§ Given data:
----
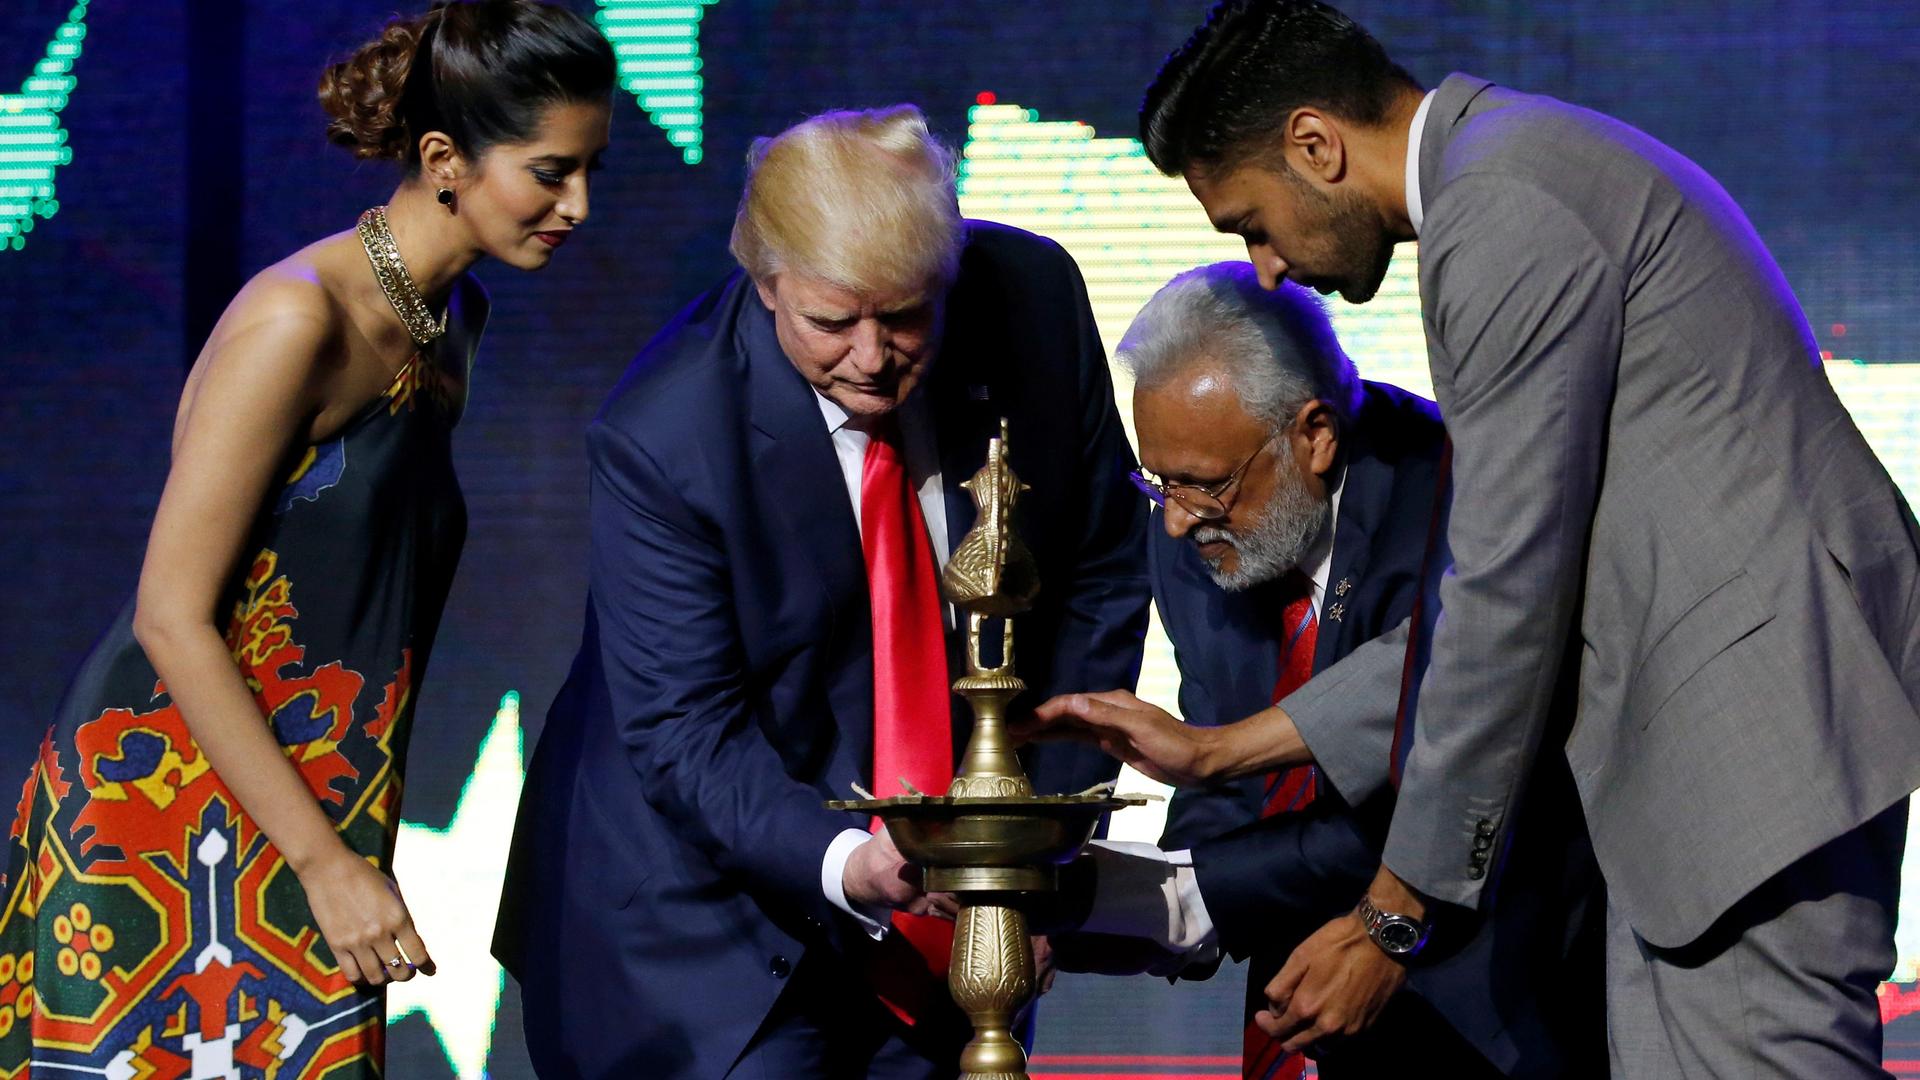 Donald Trump promised Indian Americans that the US will be "best friends" with India.
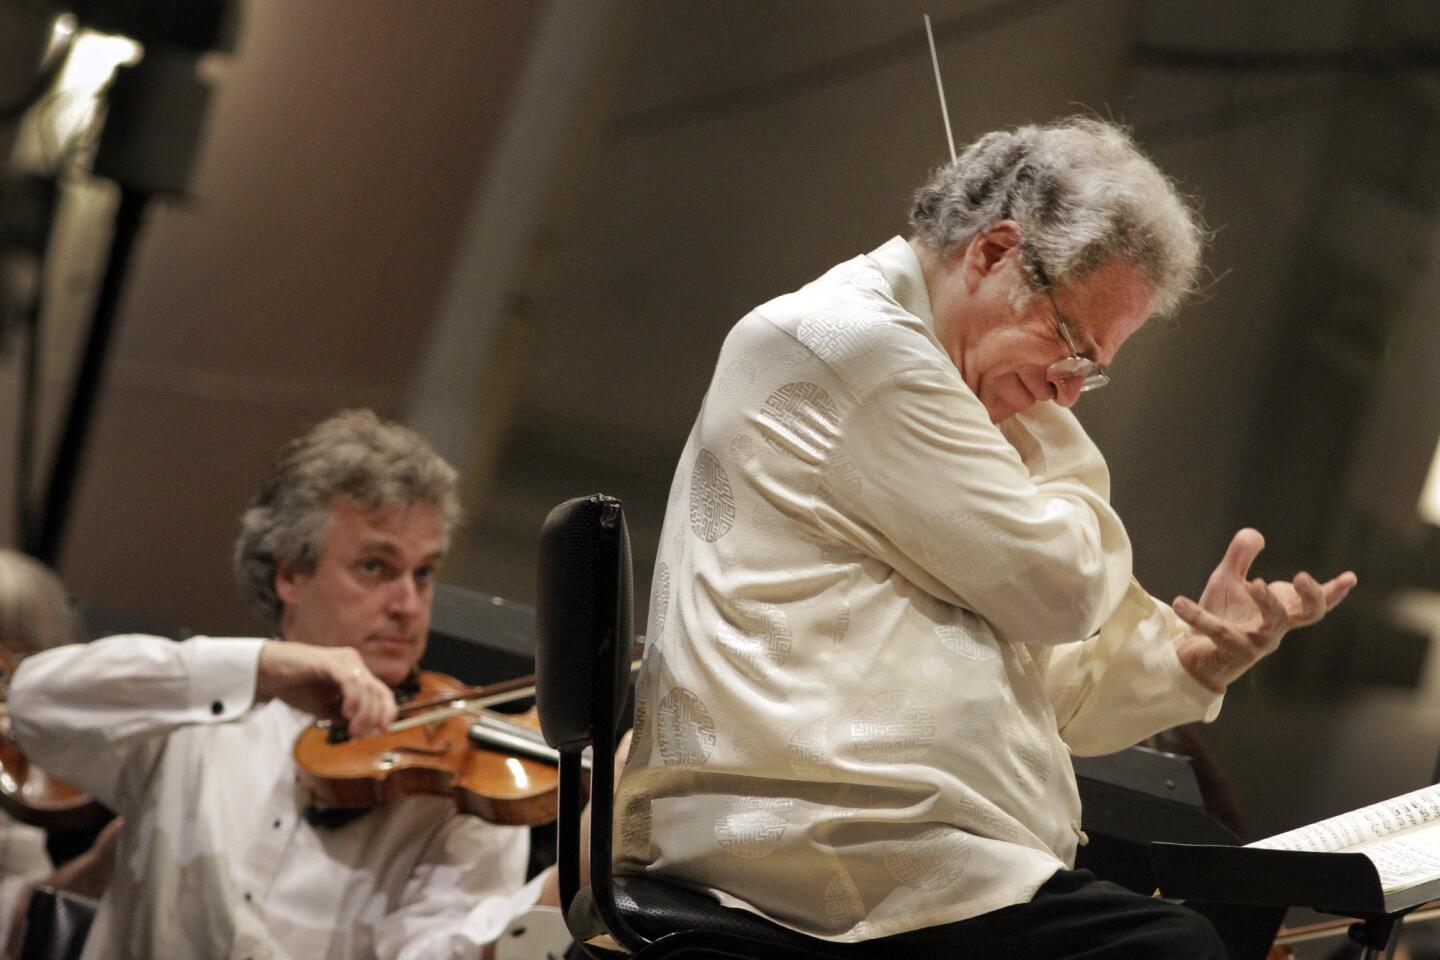 Arts and culture in pictures by The Times | Itzhak Perlman at the Hollywood Bowl
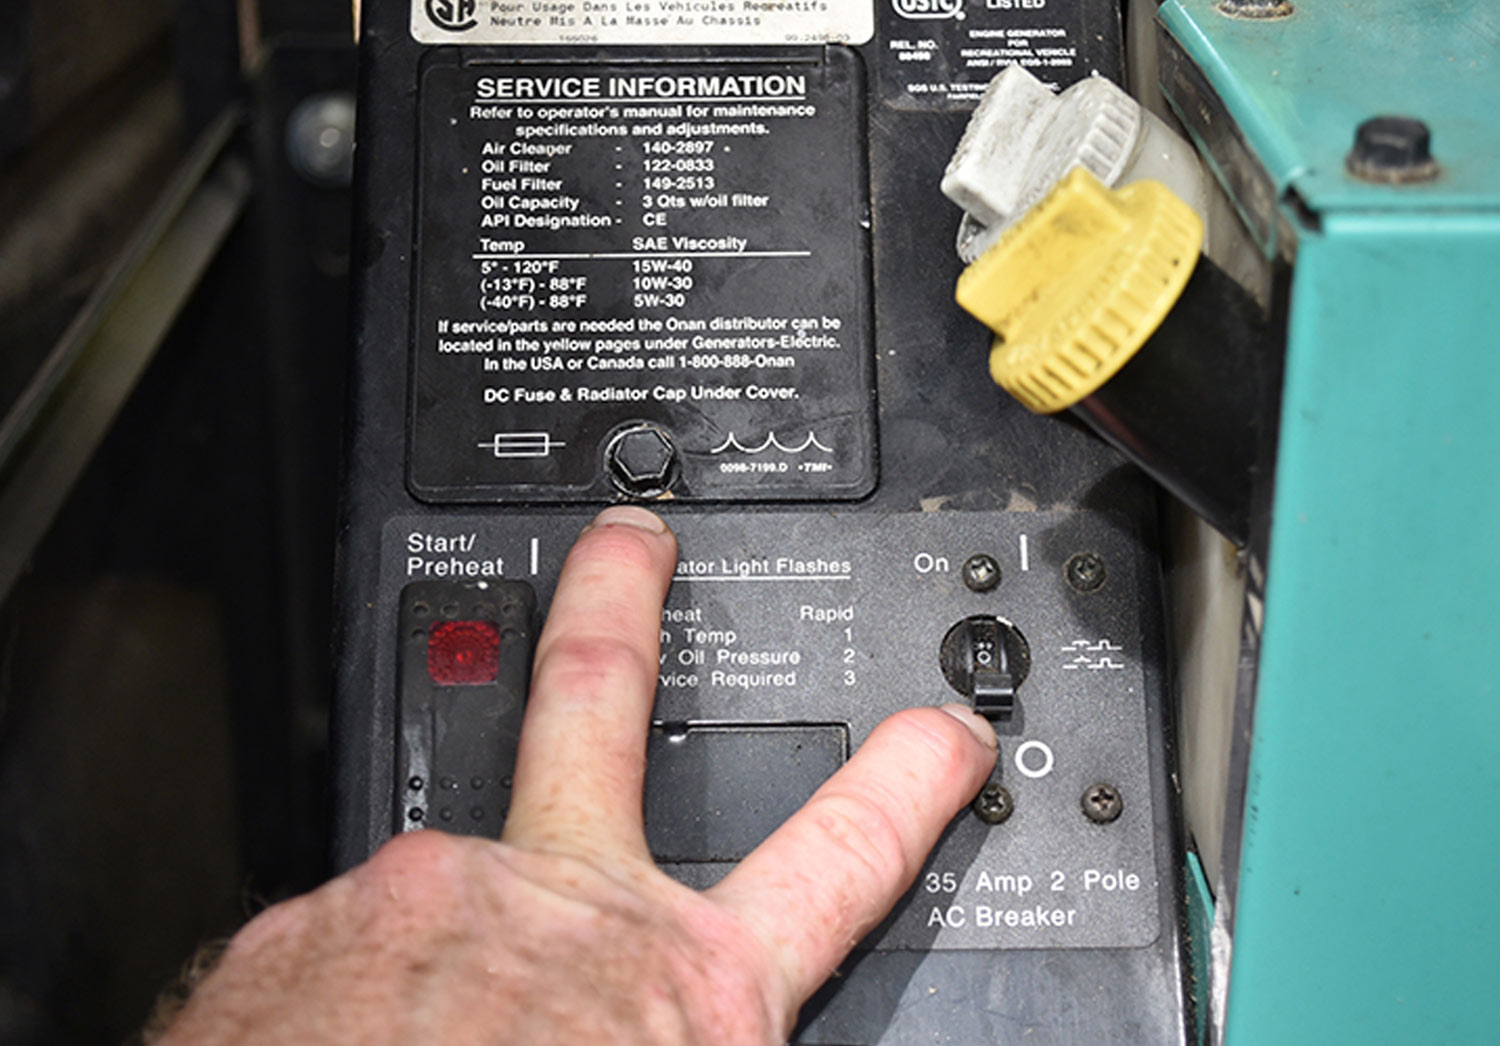 mechanics fingers point to the “Off” switch for the generator and the oil fill point and radiator fill point
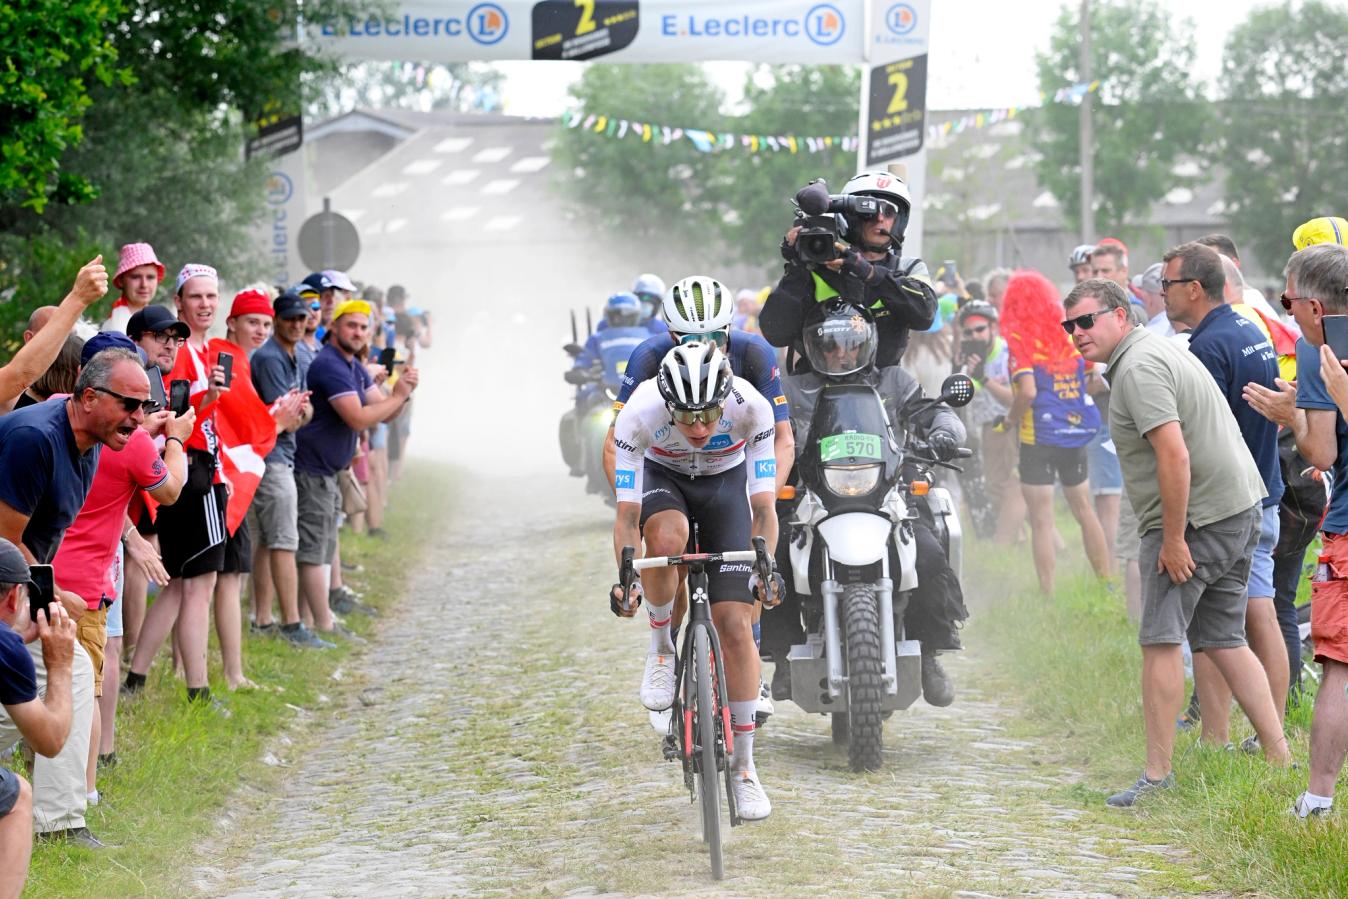 Tadej Pogačar may speak of defensive racing, but his actions on the cobbles of last year's Tour de France were anything but
----
§ Work order: The output has to match the data above line for line, except that pictures are dropped.

§ Solution:
 Donald Trump promised Indian Americans that the US will be "best friends" with India.
 Arts and culture in pictures by The Times | Itzhak Perlman at the Hollywood Bowl
 mechanics fingers point to the “Off” switch for the generator and the oil fill point and radiator fill point
 Tadej Pogačar may speak of defensive racing, but his actions on the cobbles of last year's Tour de France were anything but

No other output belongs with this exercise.